Example: python run_main.py --dim_z 20

Arguments

Required :

--dim_z: Dimension of latent vector. Default: 20

Optional :

--results_path: File path of output images. Default: results
--add_noise: Boolean for adding salt & pepper noise to input image. Default: False
--n_hidden: Number of hidden units in MLP. Default: 500
--learn_rate: Learning rate for Adam optimizer. Default: 1e-3
--num_epochs: The number of epochs to run. Default: 20
--batch_size: Batch size.
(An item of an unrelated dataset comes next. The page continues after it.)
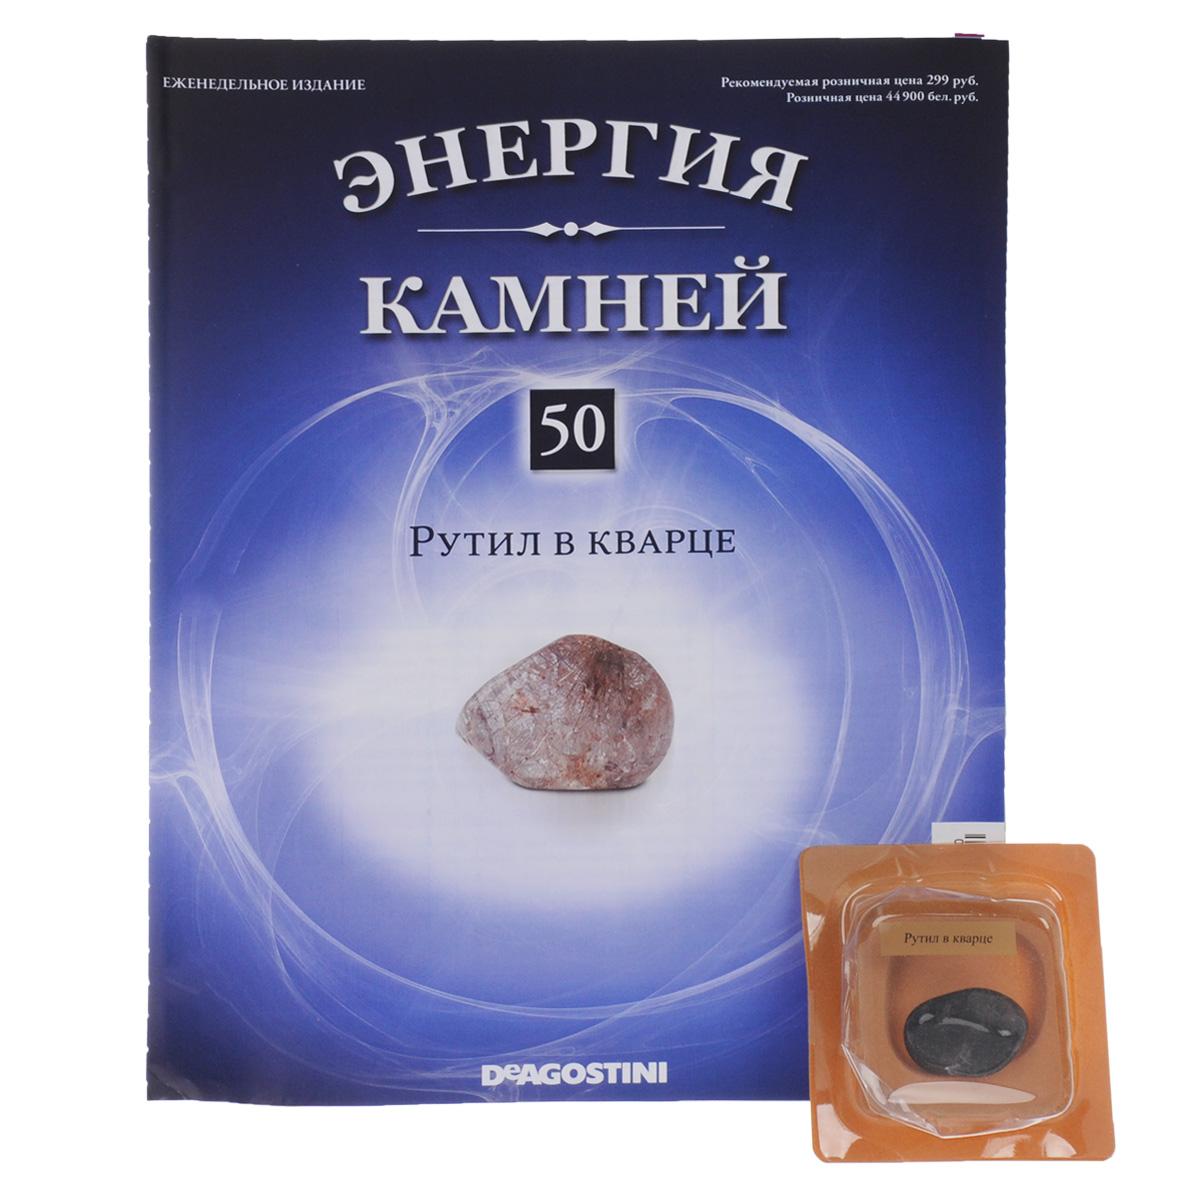 Журнал Энергия камней №50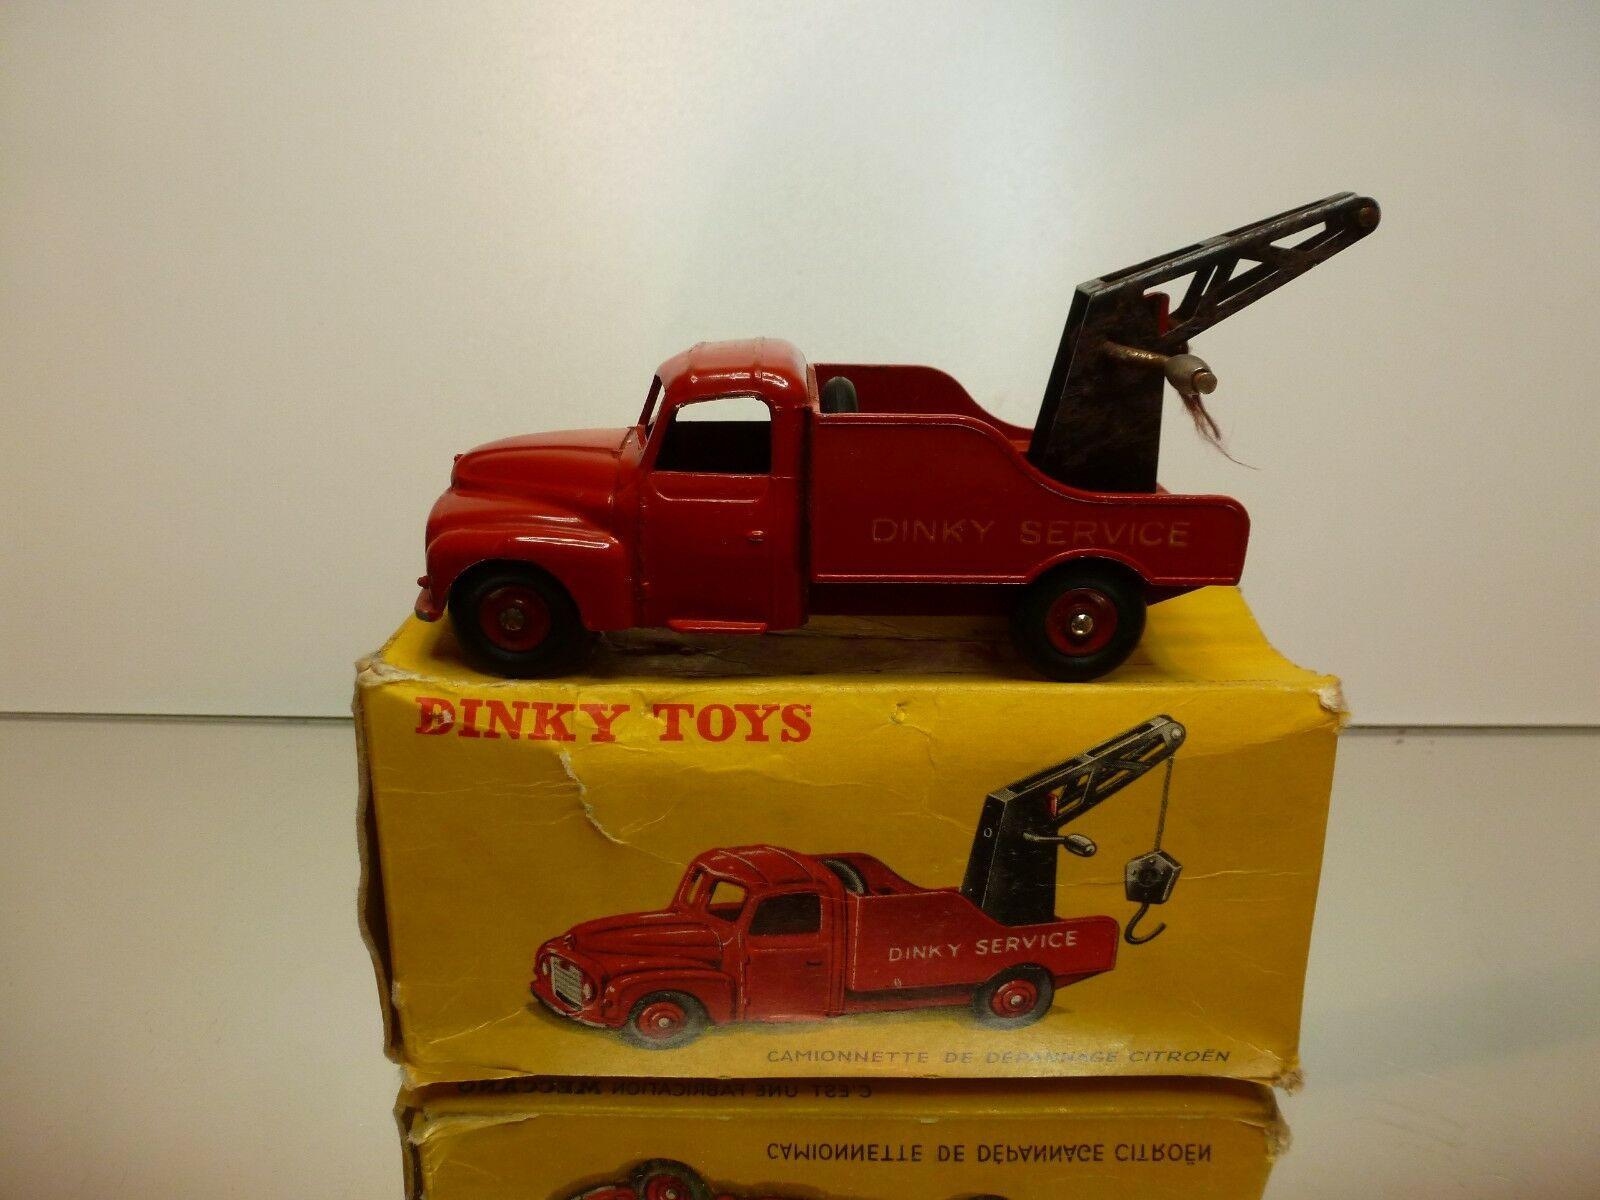 DINKY TOYS 582   COMIONNETTE DE DEPANNAGE CITROEN - GOOD CONDITION - IN BOX

Default: 128
--PRR: Boolean for plot-reproduce-result. Default: True
--PRR_n_img_x: Number of images along x-axis. Default: 10
--PRR_n_img_y: Number of images along y-axis. Default: 10
--PRR_resize_factor: Resize factor for each displayed image. Default: 1.0
--PMLR: Boolean for plot-manifold-learning-result. Default: False
--PMLR_n_img_x: Number of images along x-axis. Default: 10
--PMLR_n_img_y: Number of images along y-axis. Default: 10
--PMLR_resize_factor: Resize factor for each displayed image. Default: 1.0
--PMLR_z_range: Range for unifomly distributed latent vector. Default: 2.0
--PMLR_n_samples: Number of samples in order to get distribution of labeled data. Default: 5000
--PARR: Boolean for plot-analogical-reasoning-result. Default: False
--PARR_resize_factor: Resize factor for each displayed image. Default: 1.0
--PARR_z_range: Range for unifomly distributed latent vector. Default: 2.0

References

The implementation is based on the projects:
[1] https://github.com/wiseodd/generative-models/tree/master/VAE/conditional_vae
[2] http://wiseodd.github.io/techblog/2016/12/17/conditional-vae/

Acknowledgements

This implementation has been tested with Tensorflow 1.0.1 on Windows 10.